Cancer pain management


Chapter 38
Cancer pain management


Amy Swan & Eduardo Bruera


Department of Palliative Care and Rehabilitation Medicine Unit 1414, University of Texas M.D. Anderson Cancer Center, Houston, Texas, USA


Introduction


Pain is one of the most common and distressing symptoms among cancer patients, with increasing frequency and severity as disease progresses. Approximately 30–50% of newly diagnosed cancer patients report having pain. This proportion increases to 35–96% in terminally ill cancer patients [1]. Despite significant progress in research and education on pain management, there remain multiple barriers to effective pain control. These include inconsistent pain assessment, insufficient training and knowledge, misconceptions about opioids and financial challenges [2]. In addition to overcoming these obstacles, it is important to recognize that the diagnosis of cancer is associated with significant physical, psychological and spiritual distress, all of which can contribute to worsening pain.

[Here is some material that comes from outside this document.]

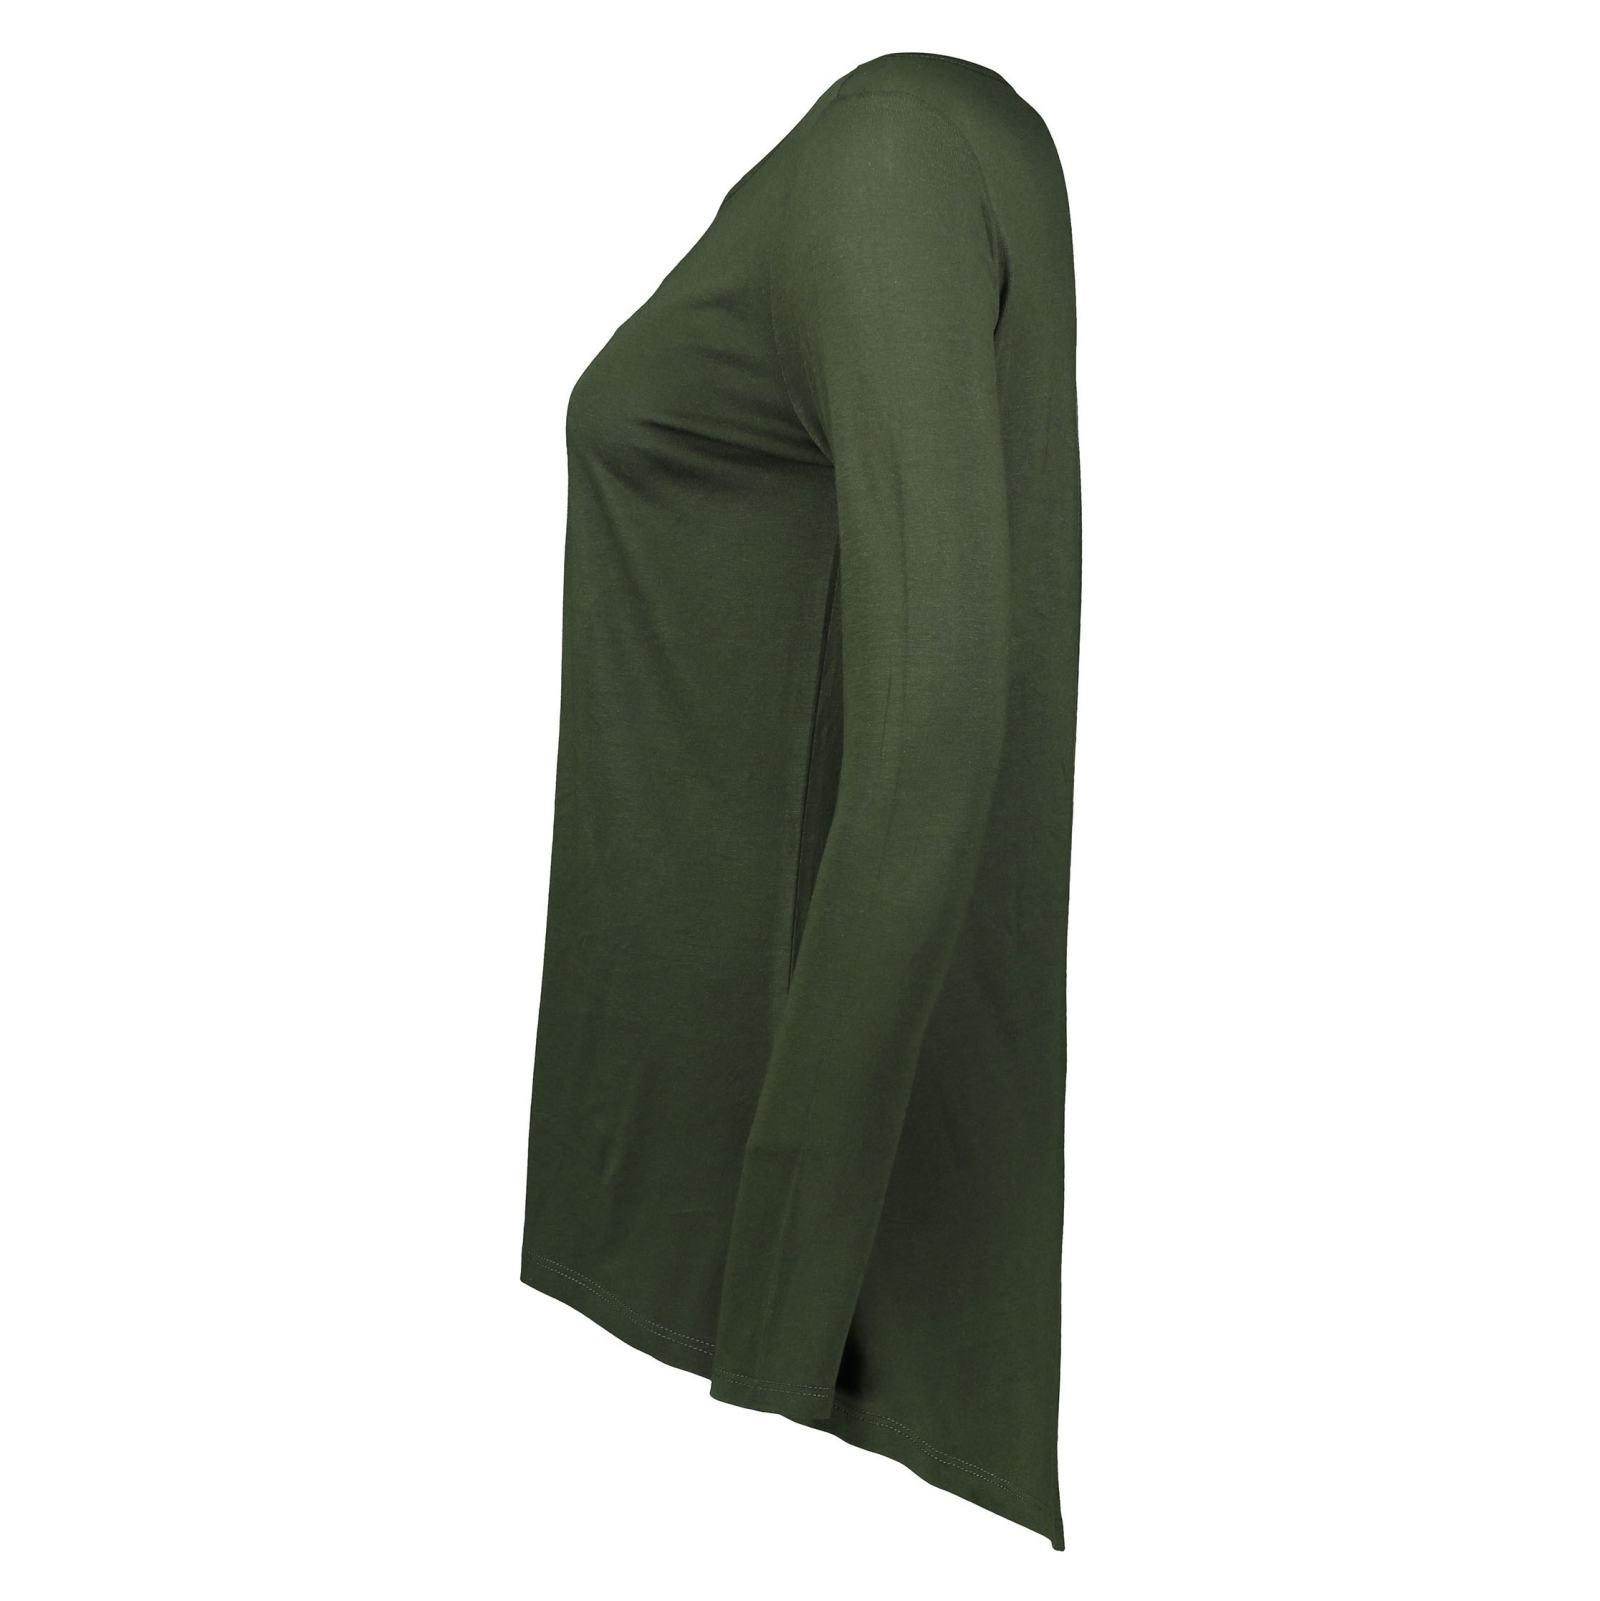 تی شرت نخی آستین بلند زنانه - رد هرینگ - سبز - 3

Thus, effective management of cancer pain necessitates an interprofessional approach customized to the individual’s needs.


Basic mechanisms


Patients with cancer may experience pain from progressive disease, diagnostic procedures, cancer treatments and/or other comorbidities. Table 38.1 provides an overview of cancer pain mechanisms. The basic mechanism of nociception is reviewed in Chapter 3 and is not discussed in this chapter. Cancer is a life‐threatening disease and is frequently associated with psychosocial distress. Although the pathway of neurotransmission from noxious stimuli to somatosensory cortex is similar between cancer pain and non‐cancer pain, how cancer patients perceive, and ultimately express, their pain may be quite different from patients with non‐cancer Diagnoses (Figure 38.1).


An understanding of the unique circumstances associated with the diagnosis of cancer has important implications for both assessment and treatment of cancer pain. Cancer patients typically have a heavy symptom burden as a result of progressive cancer, cancer treatments and/or comorbidities. Using the Memorial Symptom Assessment Scale, one study demonstrated that advanced cancer patients have an average of 11 ± 6 symptoms [3]. Because many of these symptoms are closely related, effective management of pain in the context of malignancy requires concurrent management of other complaints (e.g. coughing and chest pain, vomiting and abdominal pain). Also, polypharmacy is a common issue among cancer patients, with a high potential for drug interactions. For instance, the level of methadone may be affected by concurrent use of various CYP3A4 inducers and/or inhibitors.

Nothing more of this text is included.